Records drawn from a dataset:
Segment Open
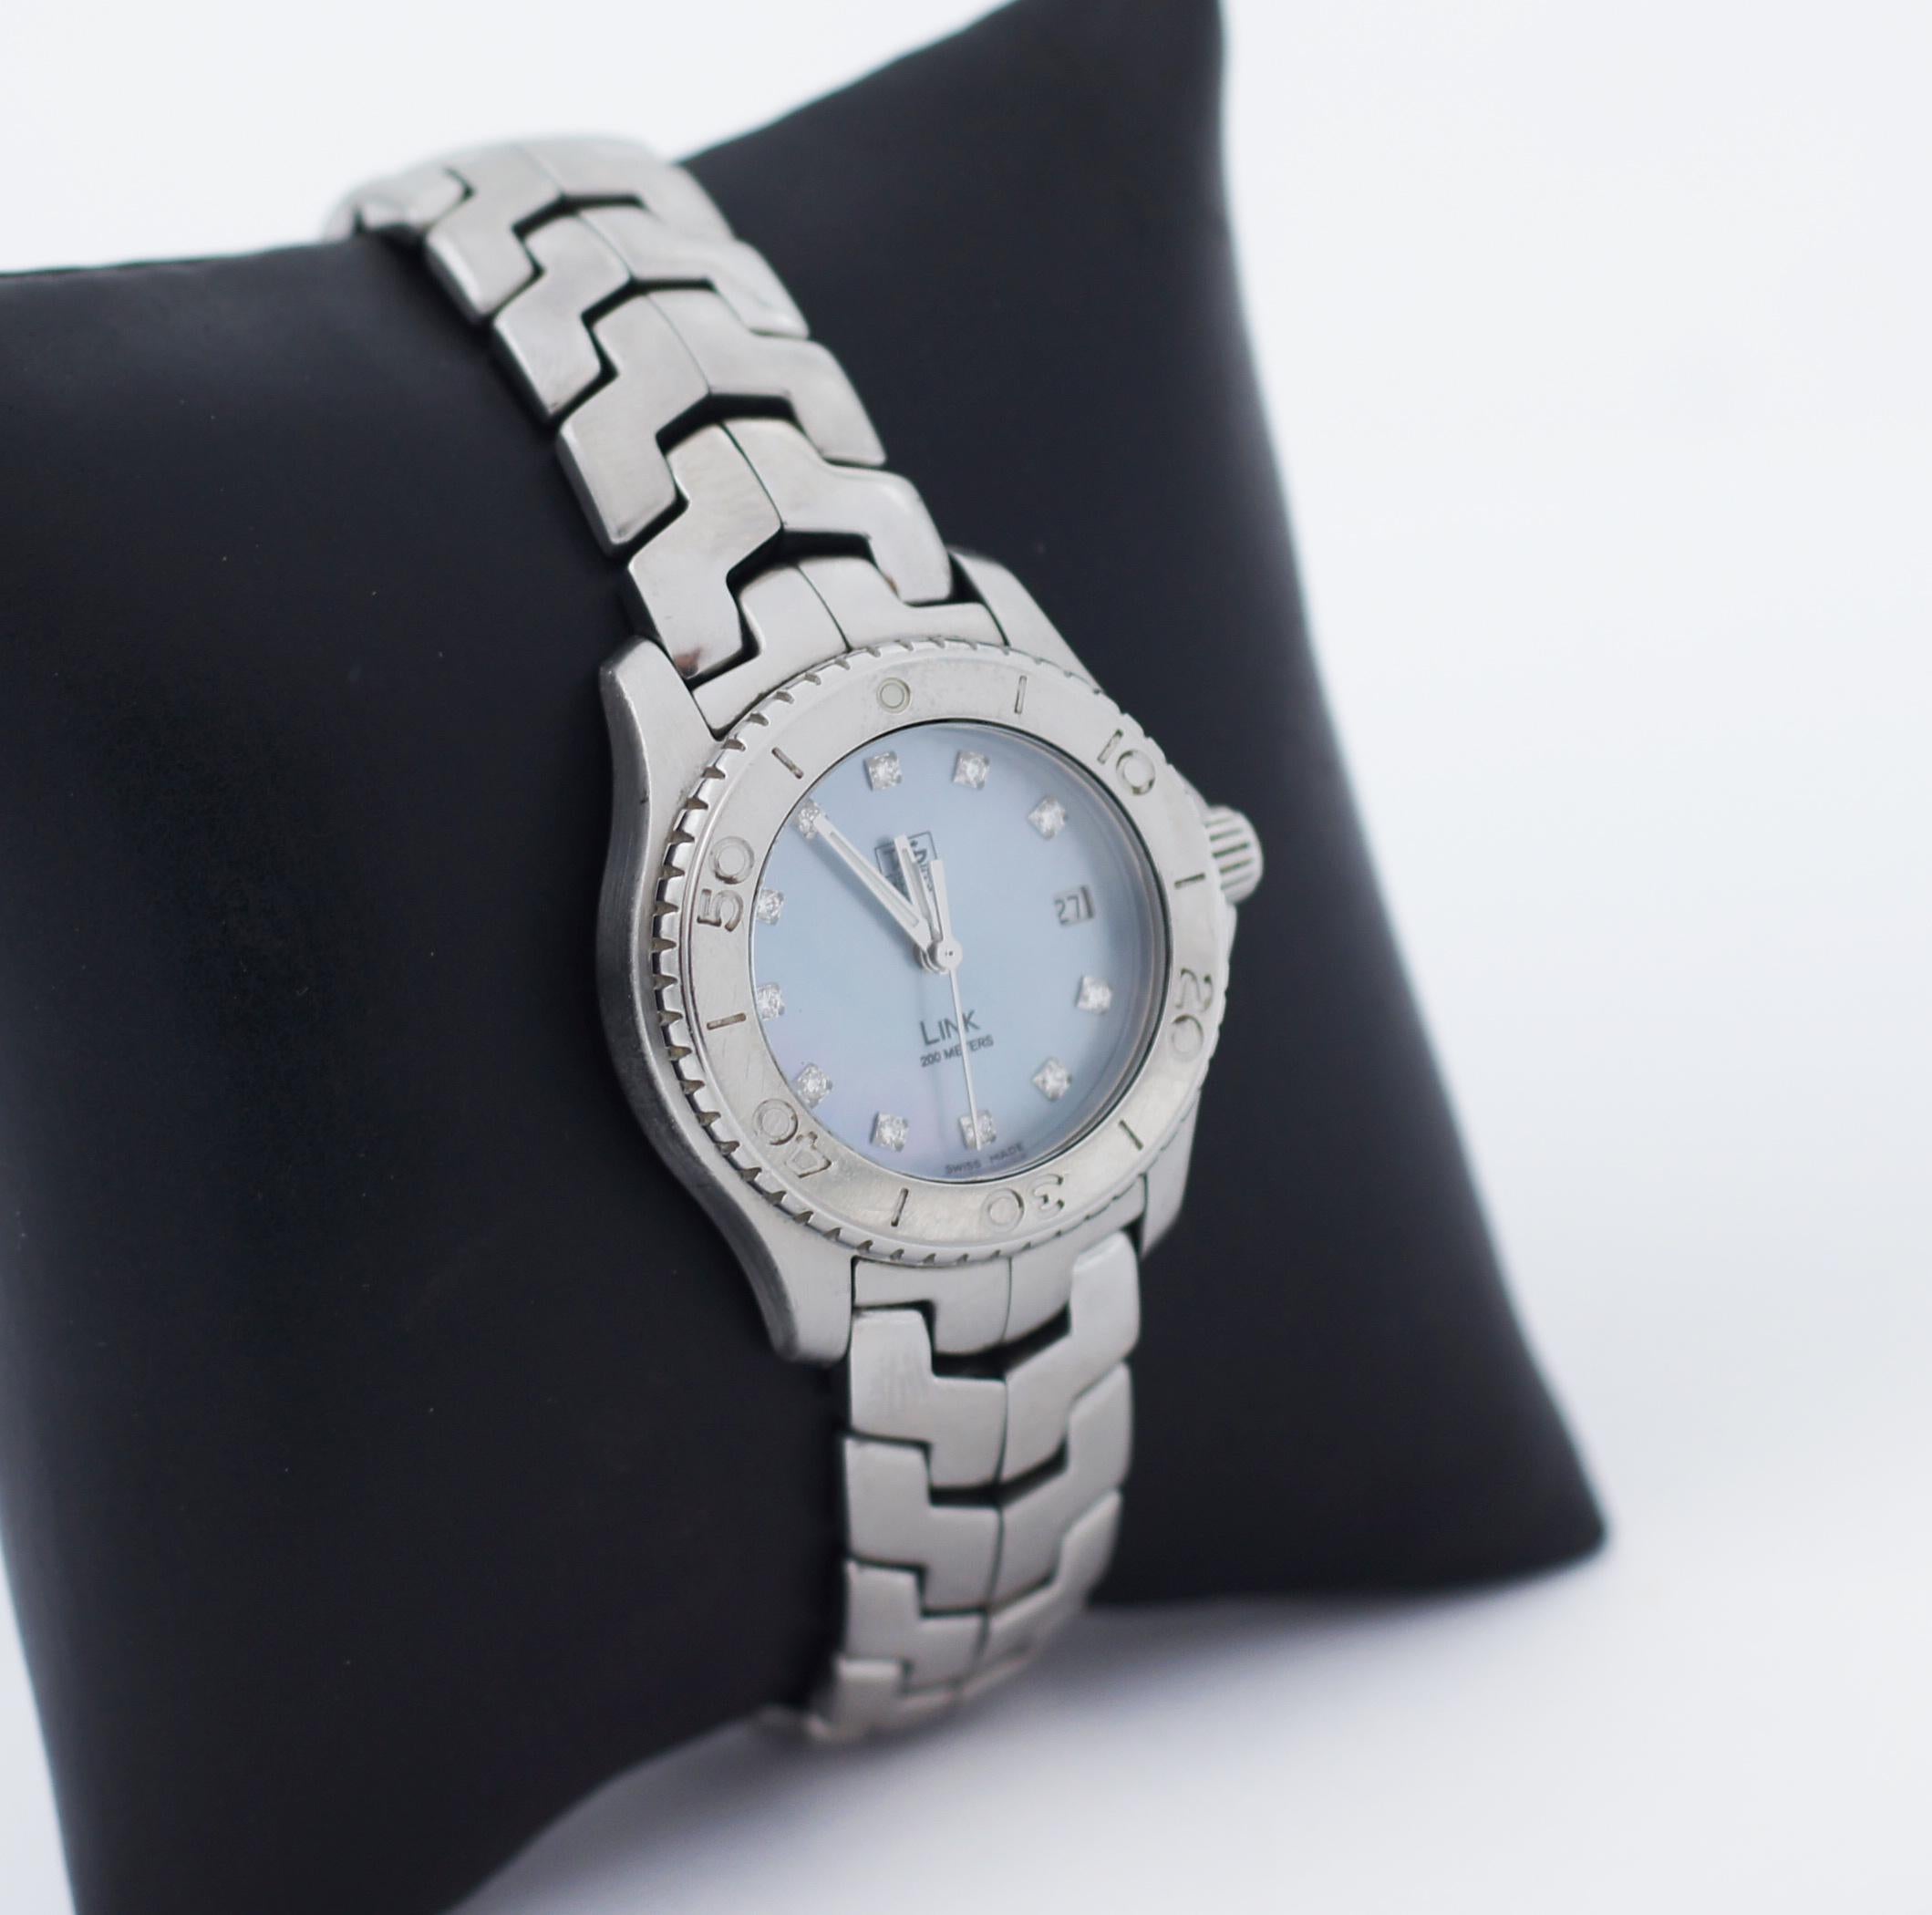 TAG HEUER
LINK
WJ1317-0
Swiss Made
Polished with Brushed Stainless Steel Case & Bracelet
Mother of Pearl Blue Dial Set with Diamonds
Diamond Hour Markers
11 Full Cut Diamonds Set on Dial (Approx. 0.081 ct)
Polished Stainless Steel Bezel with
Segment Closed
* Work instruction *
Write out exactly the lines from the line holding "11 Full Cut" through the last line of the data, and nothing besides those lines.

* Result for this task *
11 Full Cut Diamonds Set on Dial (Approx. 0.081 ct)
Polished Stainless Steel Bezel with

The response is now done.